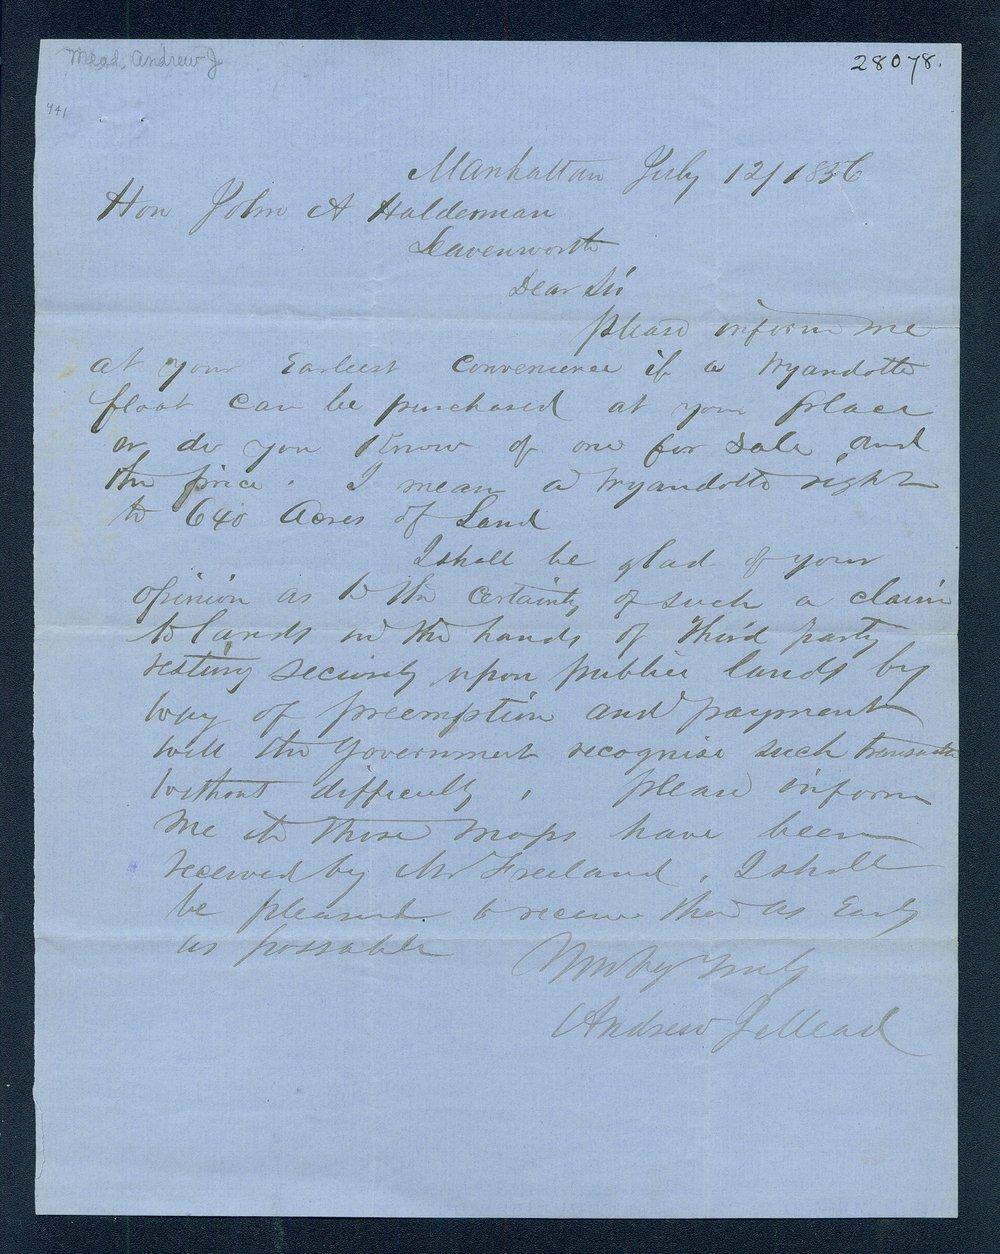 Andrew J. Mead to John A. Haldeman - 1
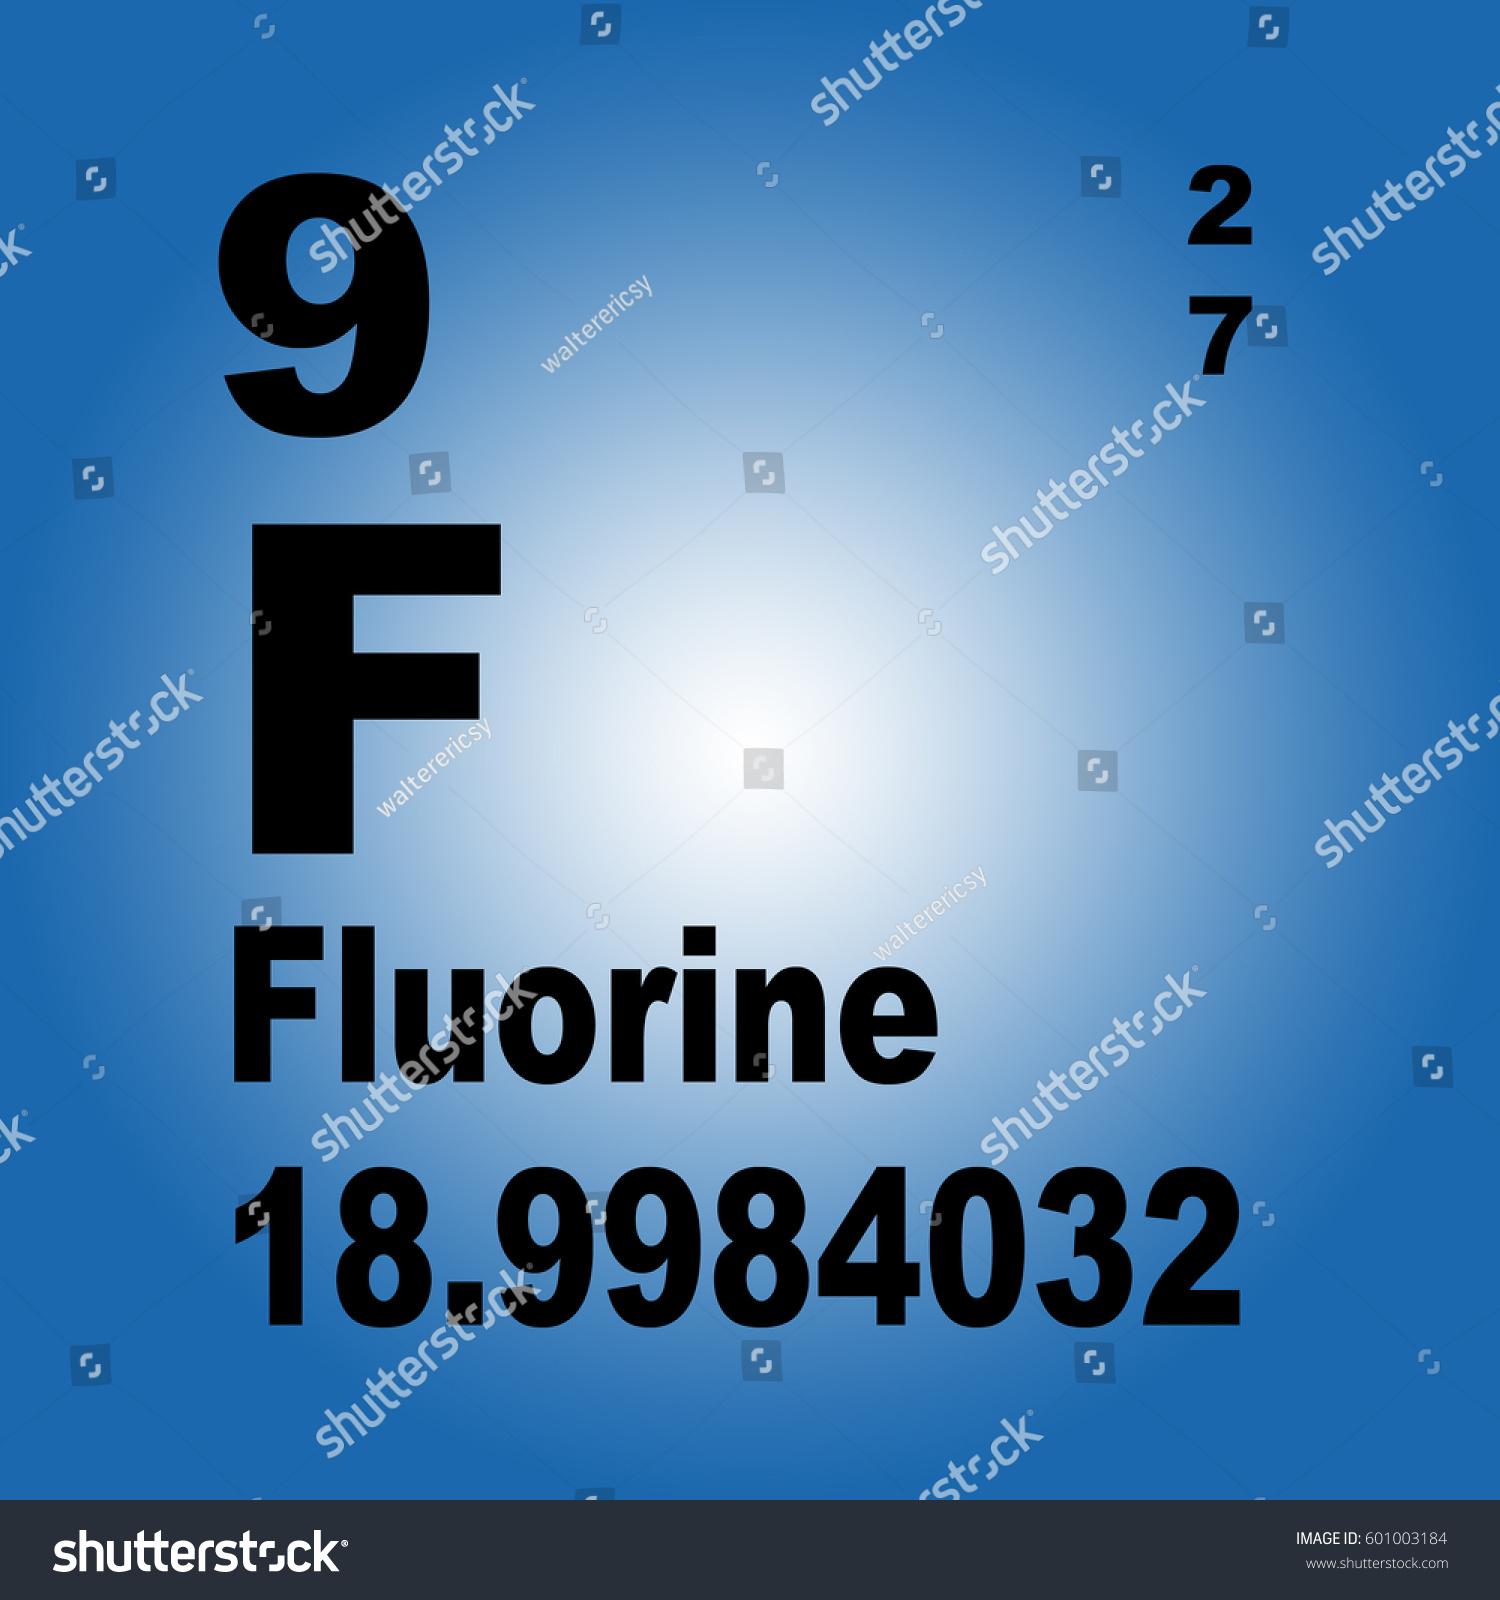 Fluorine periodic table elements stock illustration 601003184 fluorine periodic table of elements gamestrikefo Gallery
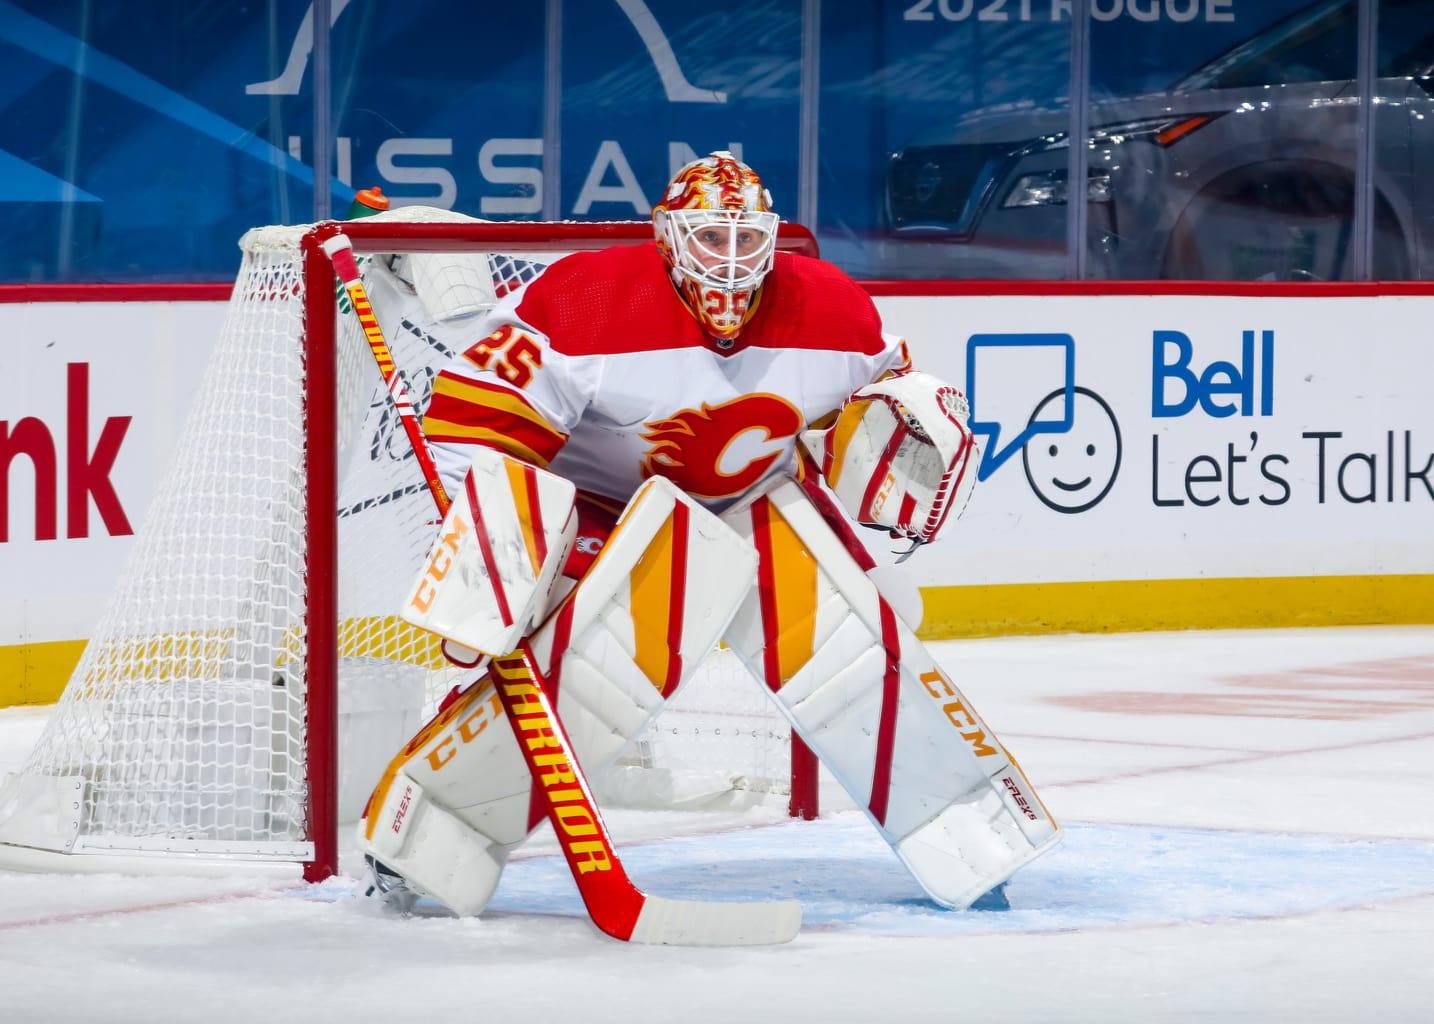 Calgary Flames 2021 Report Cards: Jacob Markstrom

TASK OBJECTIVE: Everything in the listing except the pictures must come back exactly as written.

TASK RESULT:
 Andrew J. Mead to John A. Haldeman - 1
 Fluorine periodic table elements stock illustration 601003184 fluorine periodic table of elements gamestrikefo Gallery
 Calgary Flames 2021 Report Cards: Jacob Markstrom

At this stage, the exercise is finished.